Source: United Kingdom – Government Statements
For the first time ever, over 400 firms covering one million employees are now signed up to the Women in Finance Charter
By doing so, firms pledge to support the progression of women into senior roles in financial services, set internal targets to improve diversity and publicly report on progress
78% of signed-up firms are meeting or are on track to meet their targets, up 5% on last year
By signing up to the Charter, firms pledge to support the progression of women into senior roles in financial services by setting targets to improve diversity and publicly report on their progress.
The Charter, established in 2016, reflects the government’s aspiration to enhance gender equality at all levels across financial services firms, in recognition that a balanced workforce is good for businesses good for customers – and is increasingly attractive to investors.
The annual review published today (23rd June) found that 78% of firms are already meeting or are on track to meet their targets to see more women in the boardroom – up 5% on last year – and almost half of firms have committed to have 40% of their boardroom made up of women.
Economic Secretary to the Treasury, John Glen said:
Diverse representation and gender equality in the financial services sector is good for business, good for investors and reduces barriers to growth and enterprise.
I welcome this year’s progress, but settings targets is just one part of the process – I am today calling on firms double-down on their to commitments and continue to deliver greater gender-equality in the workplace.

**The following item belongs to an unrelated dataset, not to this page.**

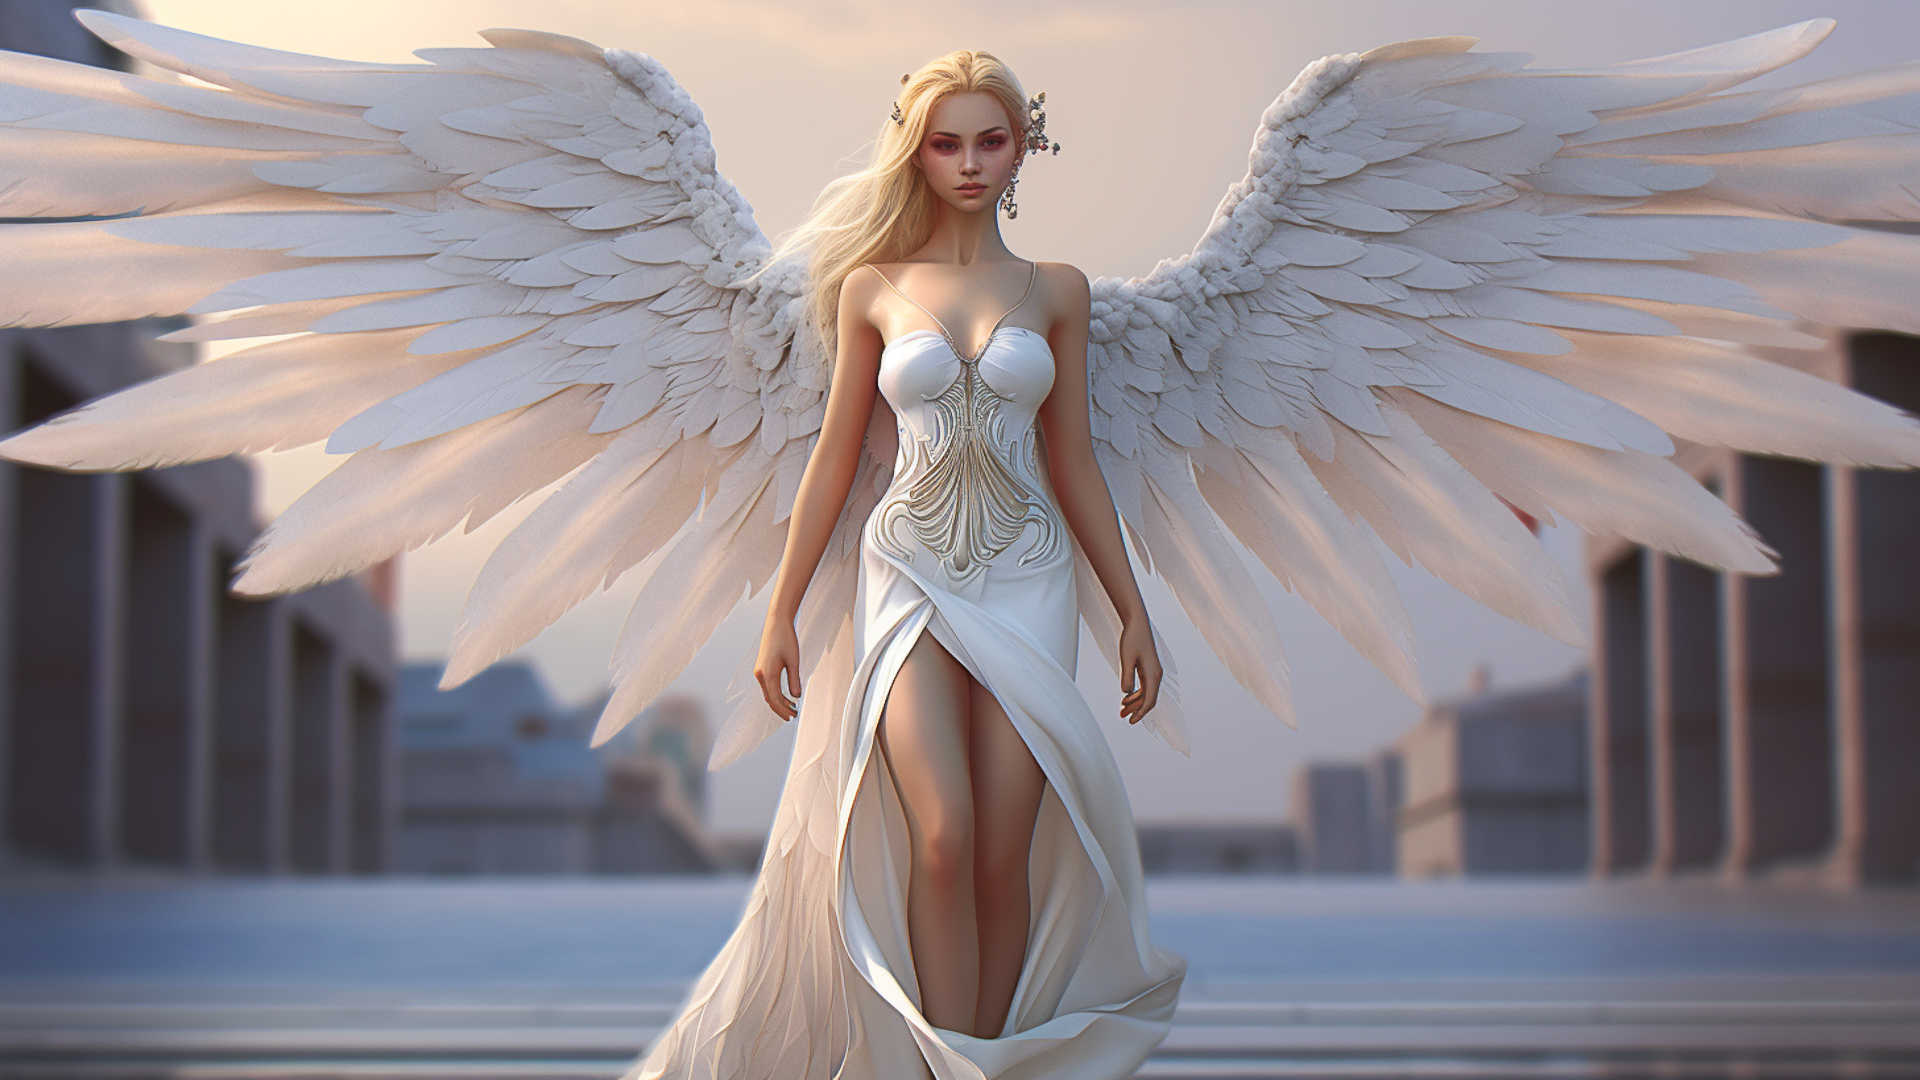 General 1920x1080 AI art angel wings blonde women dress looking at viewer long hair angel wings

Women in Finance Champion, Amanda Blanc said:
I am concerned to see progress stagnating. Frankly, up to now there has been too much tinkering at the edges and not enough fundamental change. Be in no doubt, major change in this area is tough – but it’s crucial we get it right. There are some glimmers of hope with more ambitious targets being set and met. But for the sake of women, companies and society, we’ve got to work quicker and harder.
The average level of female representation in senior management within the industry has remained flat at 33% in 2021 compared to 2022. Two-thirds of signatories either increased or maintained their proportion of women in senior management.
While progress has been made, there is more work to be done to ensure greater representation of women in senior roles in financial services.
Now that the Charter is in its sixth year, the government will continue working with industry to achieve meaningful progress to create a world-leading financial services industry which champions diversity, innovation and reduces barriers to growth and enterprise.
- The Women in Finance Charter is a voluntary commitment, ensuring firms set out clear targets to see greater representation of women in boardrooms.
- The Annual Review, published here, assesses progress among signatories to date, and how firms are delivering against their targets.